**Assignment**
Would you transcribe the whole listing exactly, minus its pictures?

───── Recorded information

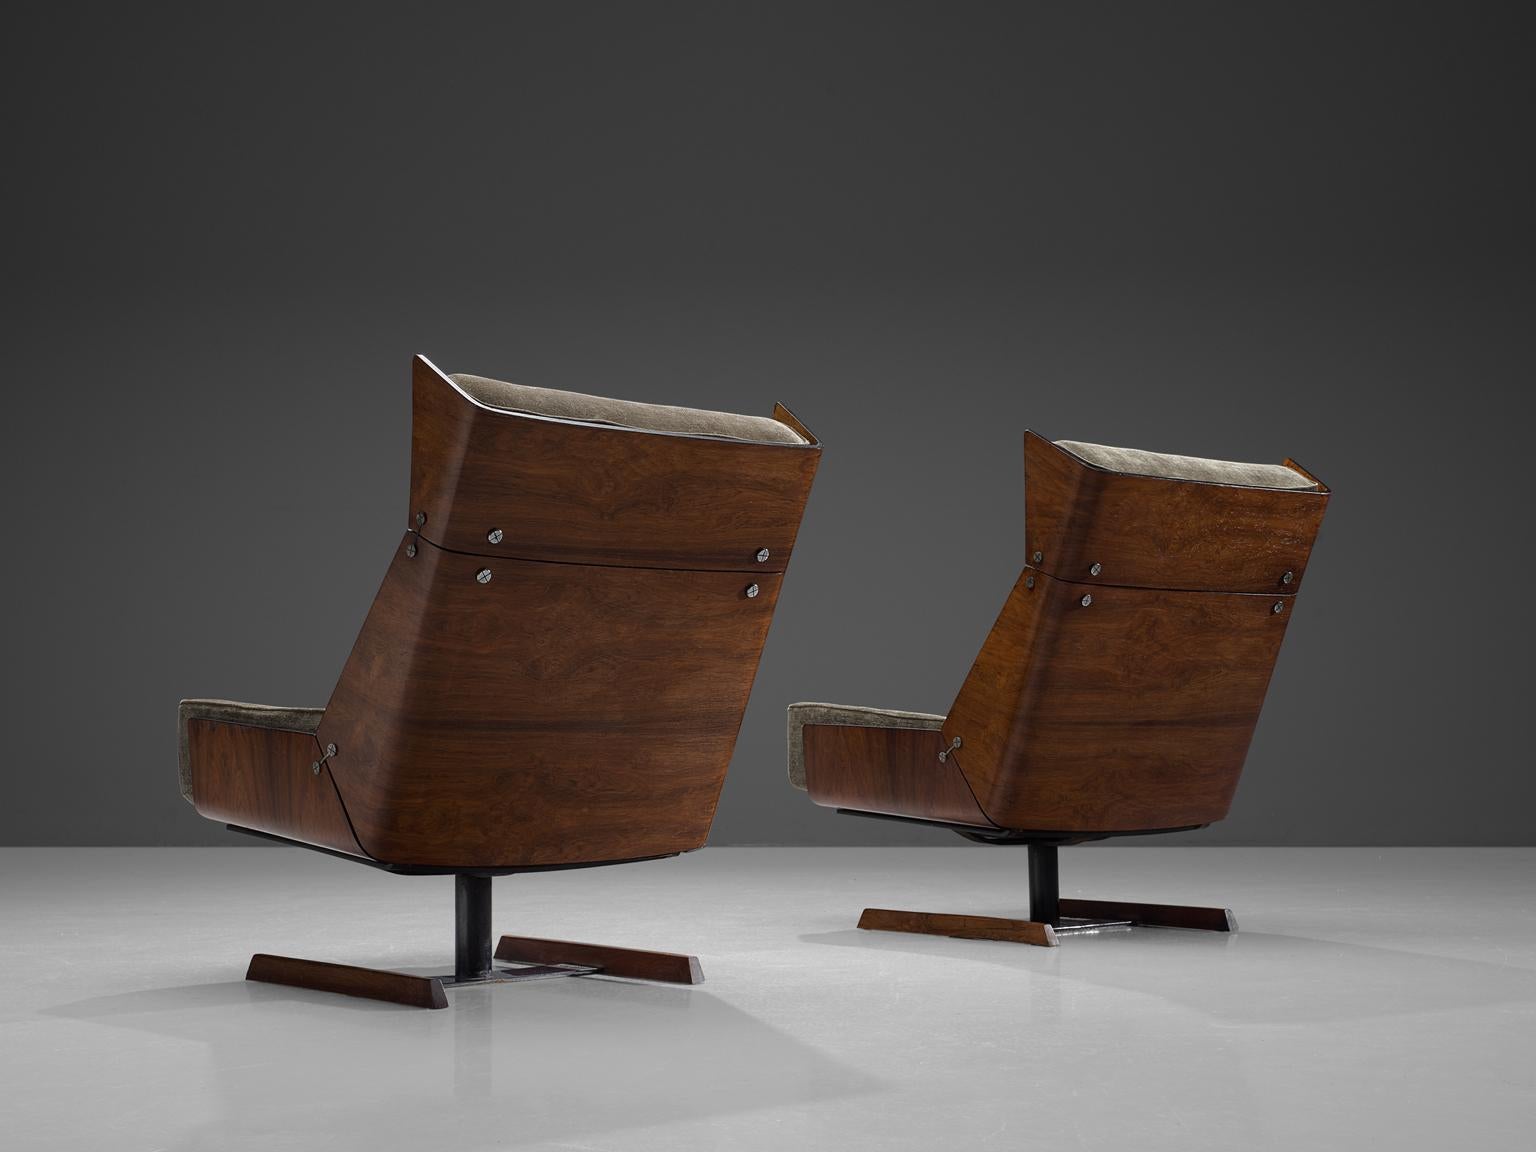 Pair of lounge chairs, in rosewood, metal and velvet, Brazil, 1960s.

Three shells, which consist of bended rosewood plywood, are combined by metal elements that connect the shells with each other. Exceptional are the sled or slipper legs in metal
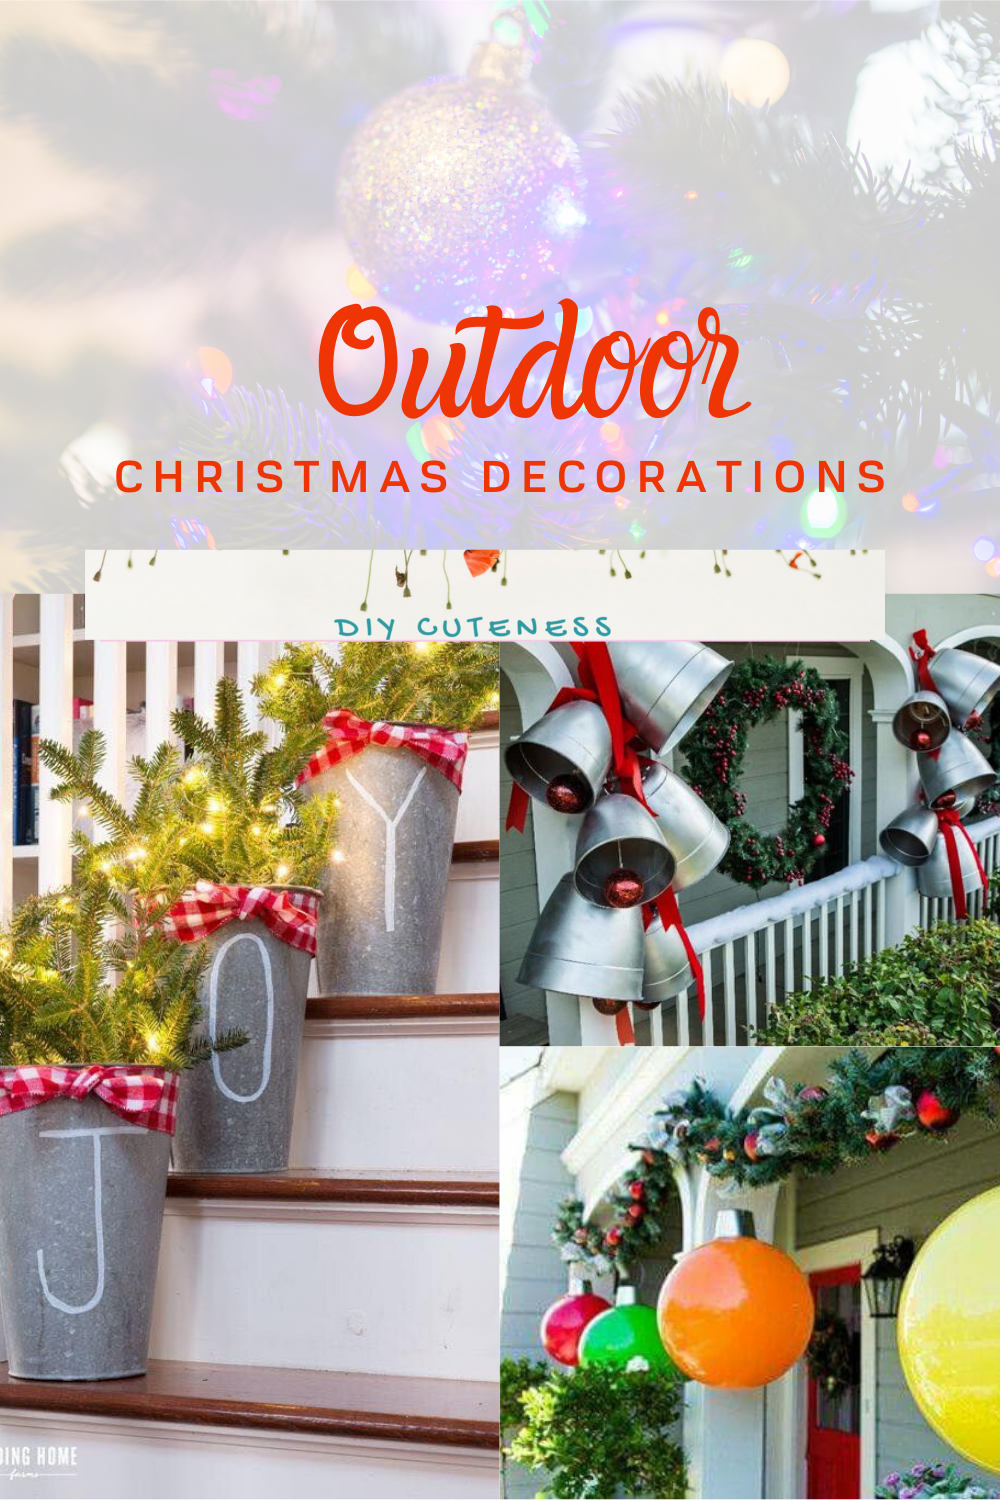 Easy DIY Christmas Decorations for Outside - DIY Cuteness Simple Decor

──────────

**Exercise solution**
 Pair of lounge chairs, in rosewood, metal and velvet, Brazil, 1960s.

Three shells, which consist of bended rosewood plywood, are combined by metal elements that connect the shells with each other. Exceptional are the sled or slipper legs in metal
 Easy DIY Christmas Decorations for Outside - DIY Cuteness Simple Decor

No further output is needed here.